*** Opening SUPPLIED MATERIAL ***

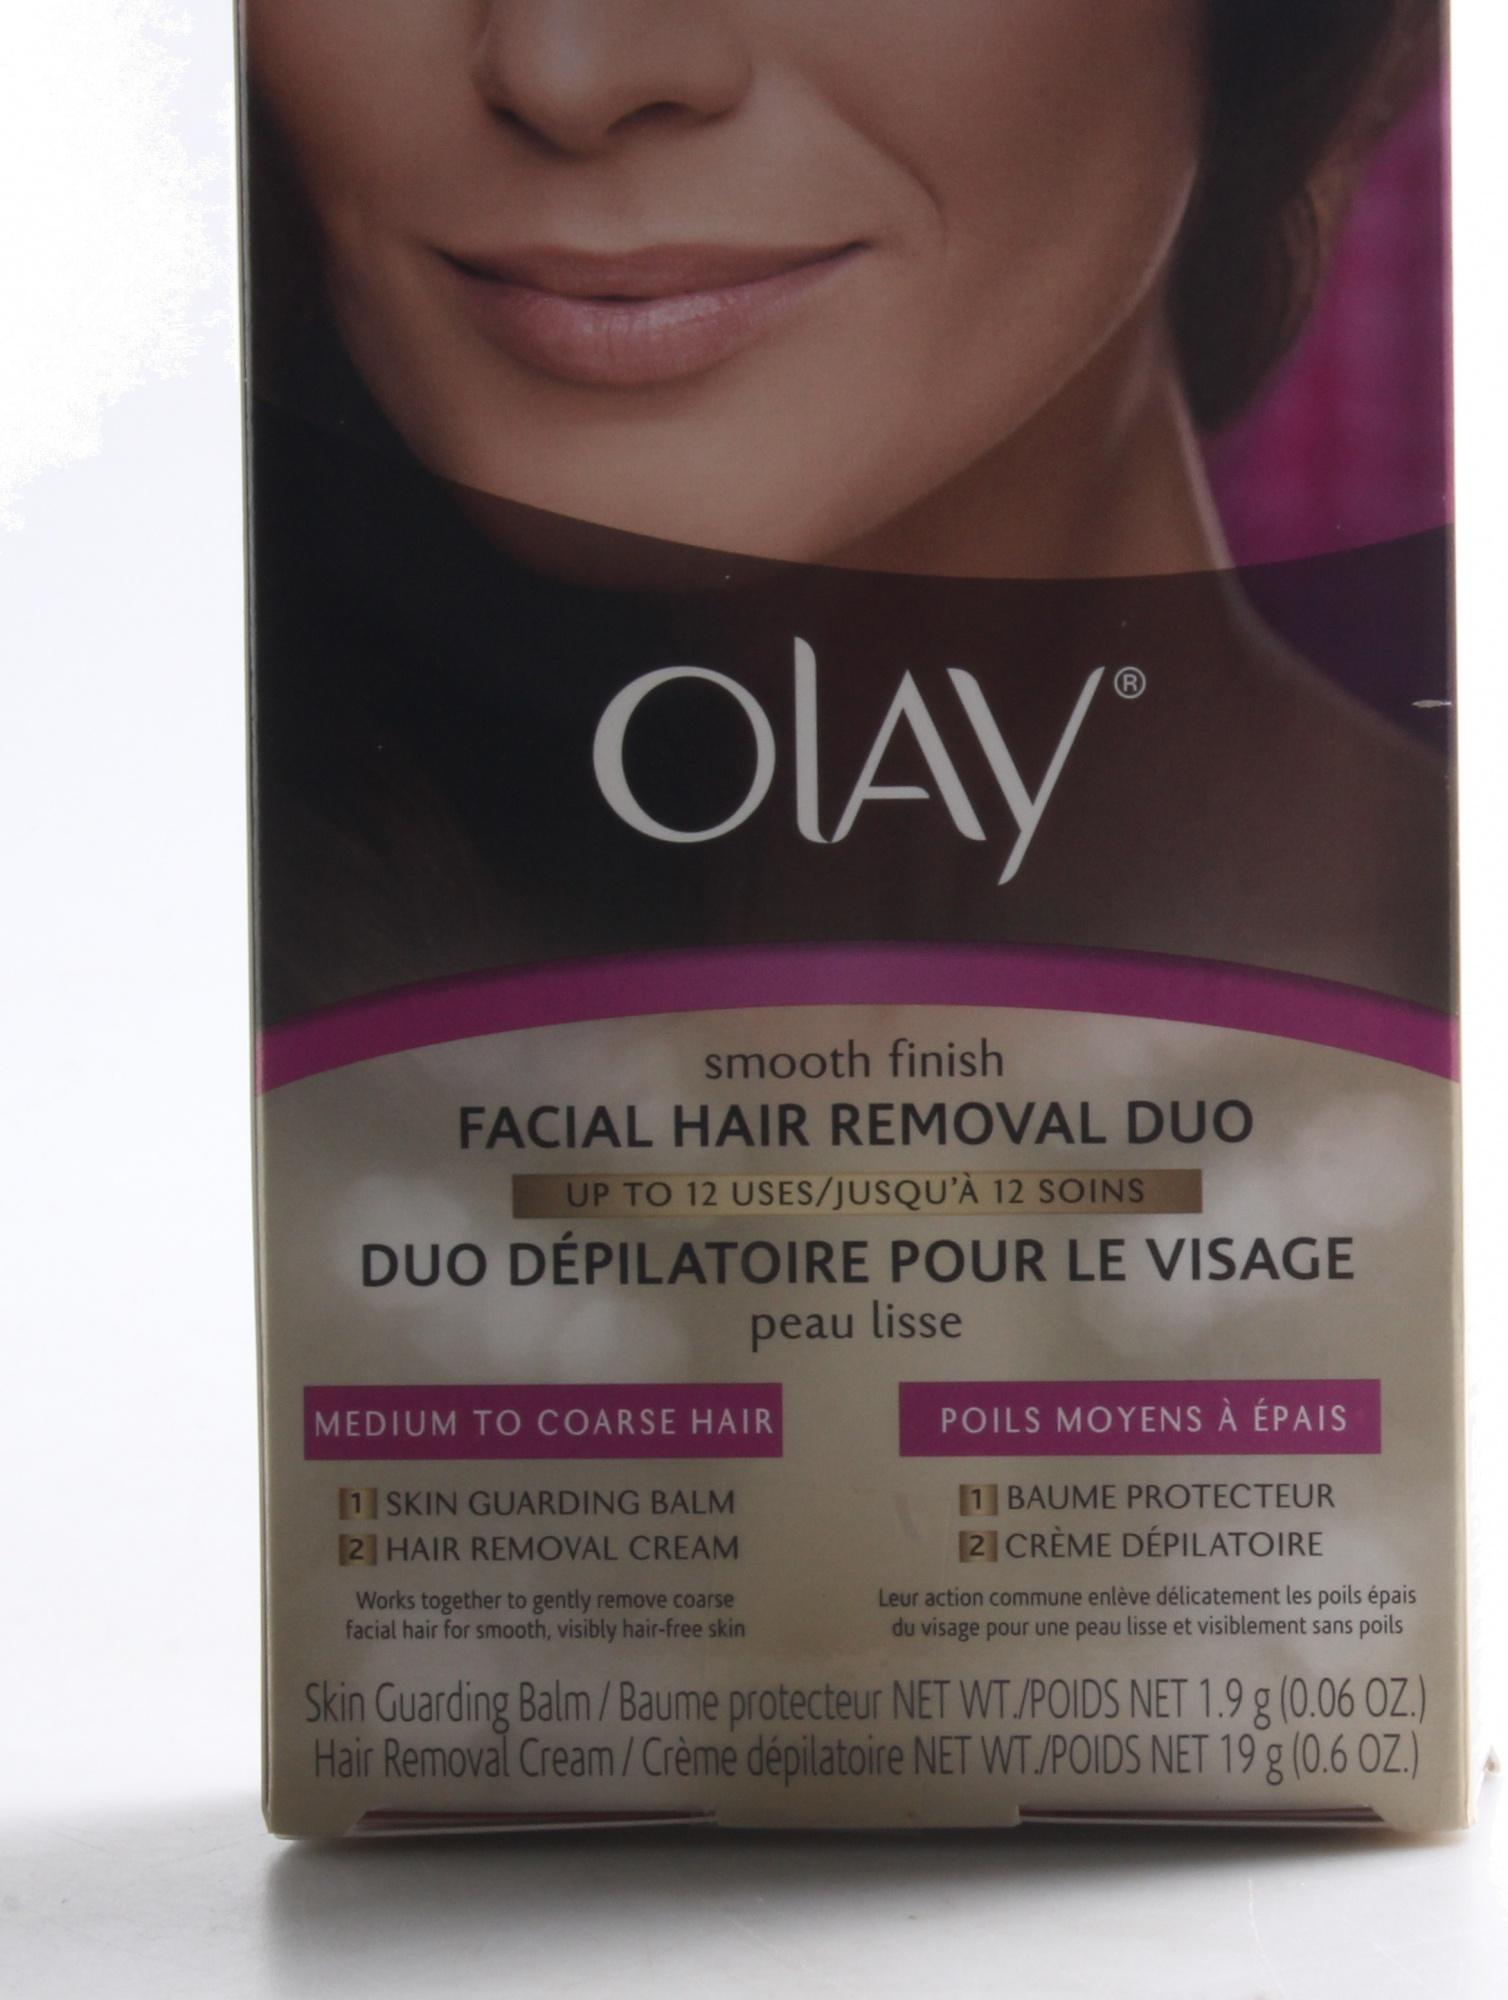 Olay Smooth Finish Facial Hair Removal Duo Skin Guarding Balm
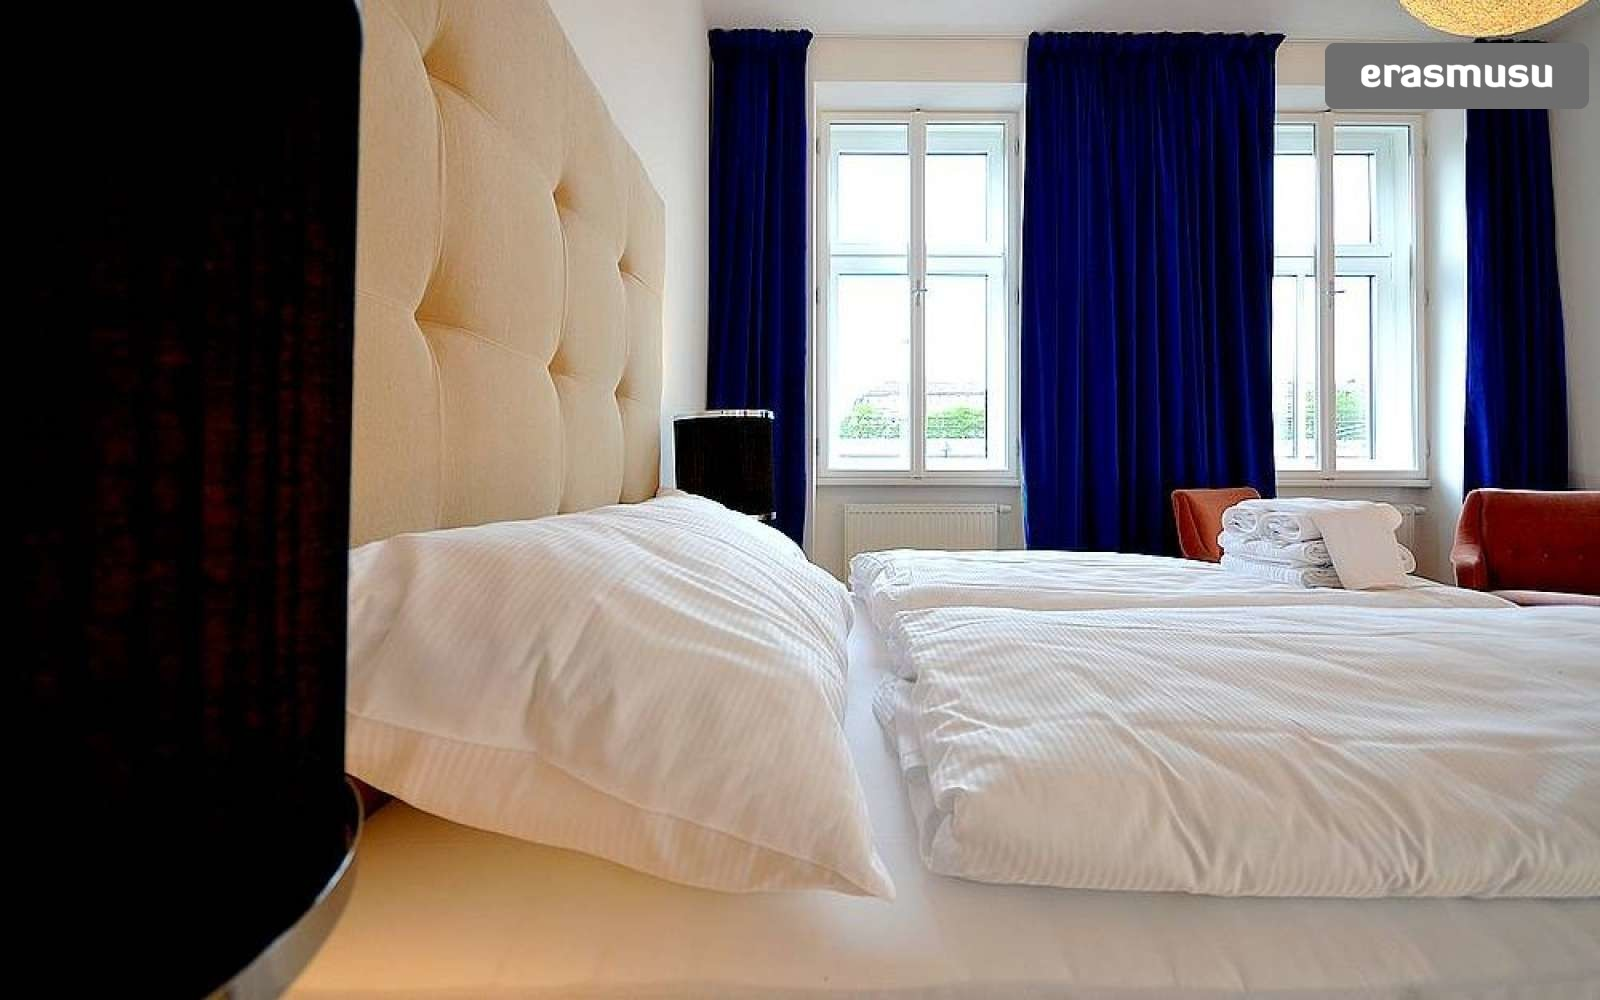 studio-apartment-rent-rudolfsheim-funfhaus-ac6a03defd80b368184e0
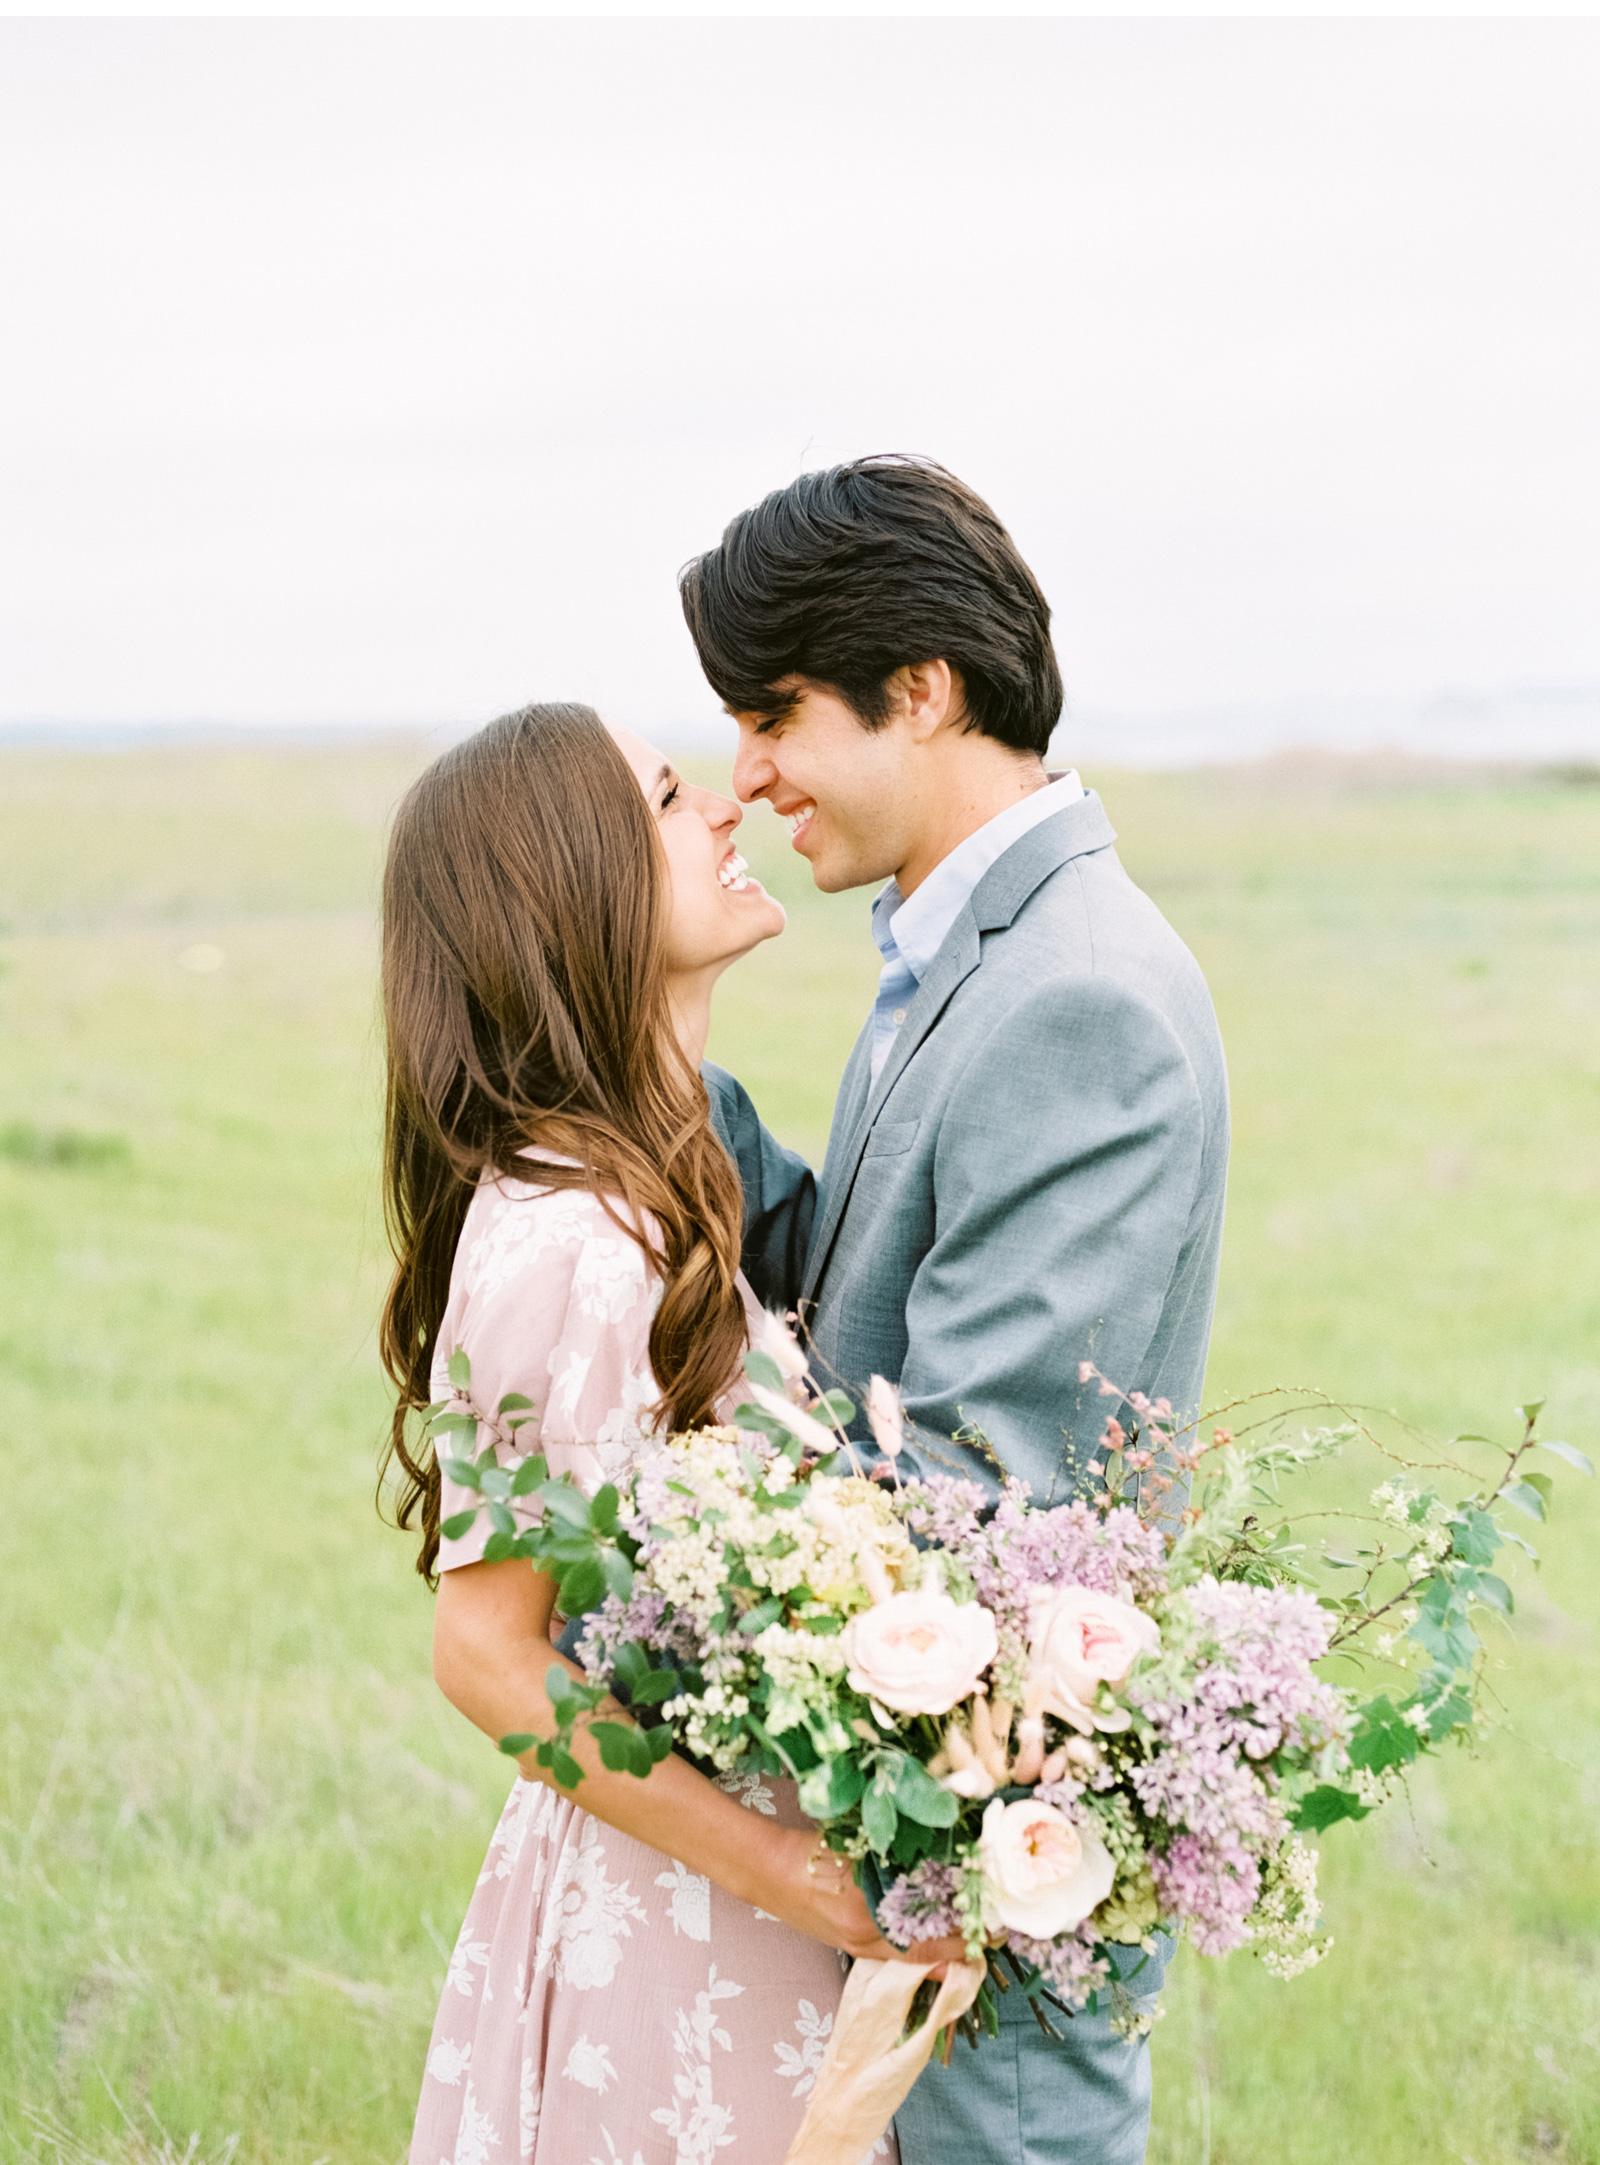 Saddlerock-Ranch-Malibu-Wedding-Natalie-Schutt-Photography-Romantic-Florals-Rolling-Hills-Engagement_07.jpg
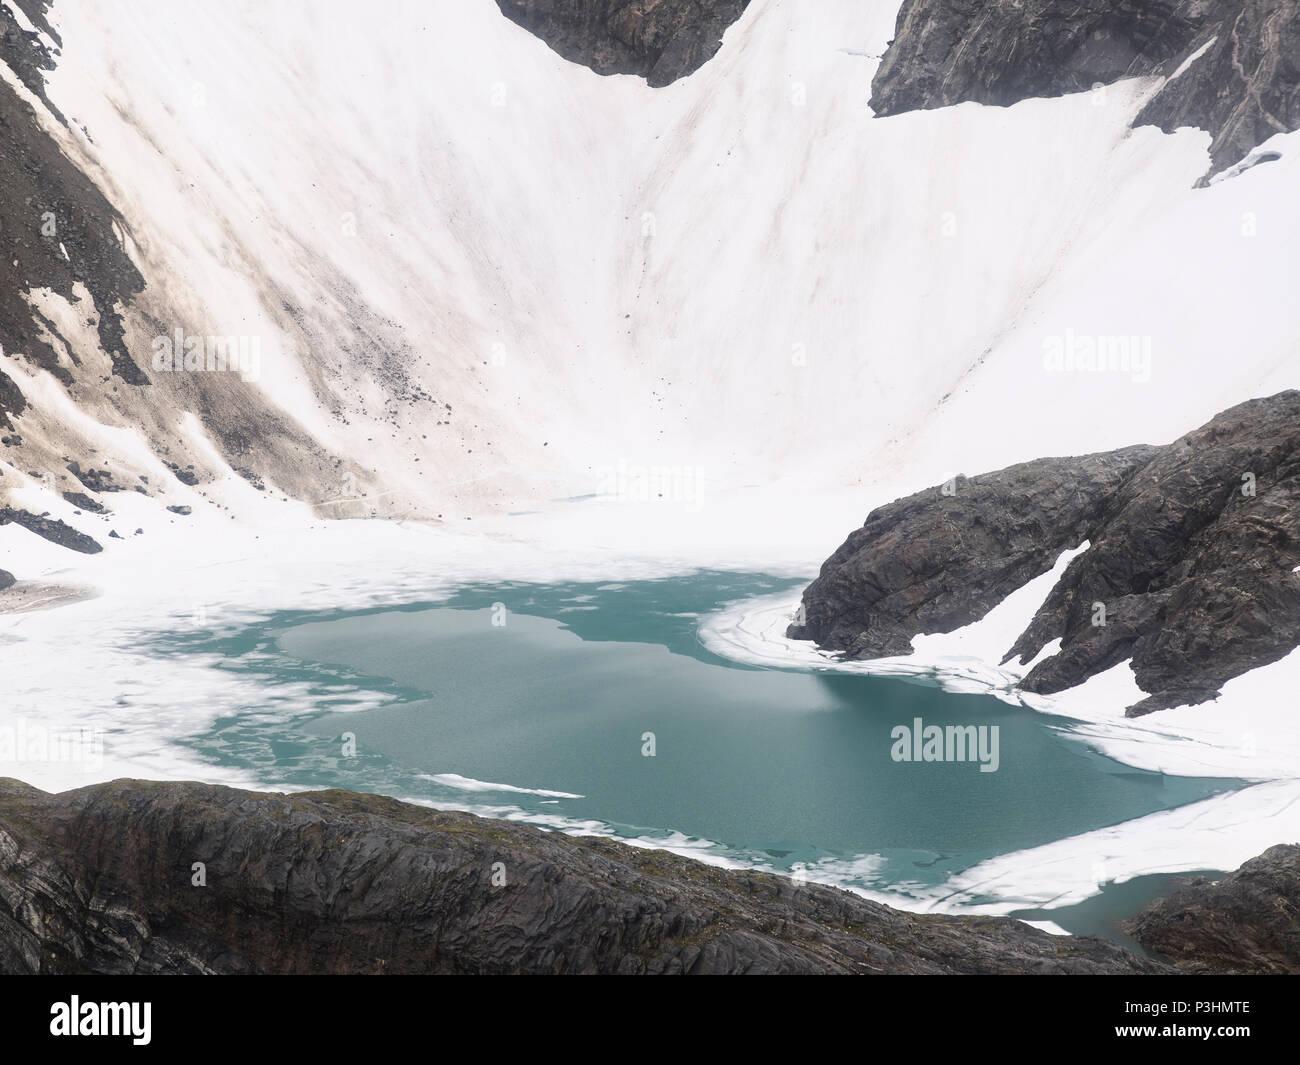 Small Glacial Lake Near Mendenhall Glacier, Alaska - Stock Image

*** Closing SUPPLIED MATERIAL ***

None of the pictures should be kept; reproduce all the remaining material exactly.

*ANSWER SECTION:*
 Olay Smooth Finish Facial Hair Removal Duo Skin Guarding Balm
 studio-apartment-rent-rudolfsheim-funfhaus-ac6a03defd80b368184e0
 Saddlerock-Ranch-Malibu-Wedding-Natalie-Schutt-Photography-Romantic-Florals-Rolling-Hills-Engagement_07.jpg
 Small Glacial Lake Near Mendenhall Glacier, Alaska - Stock Image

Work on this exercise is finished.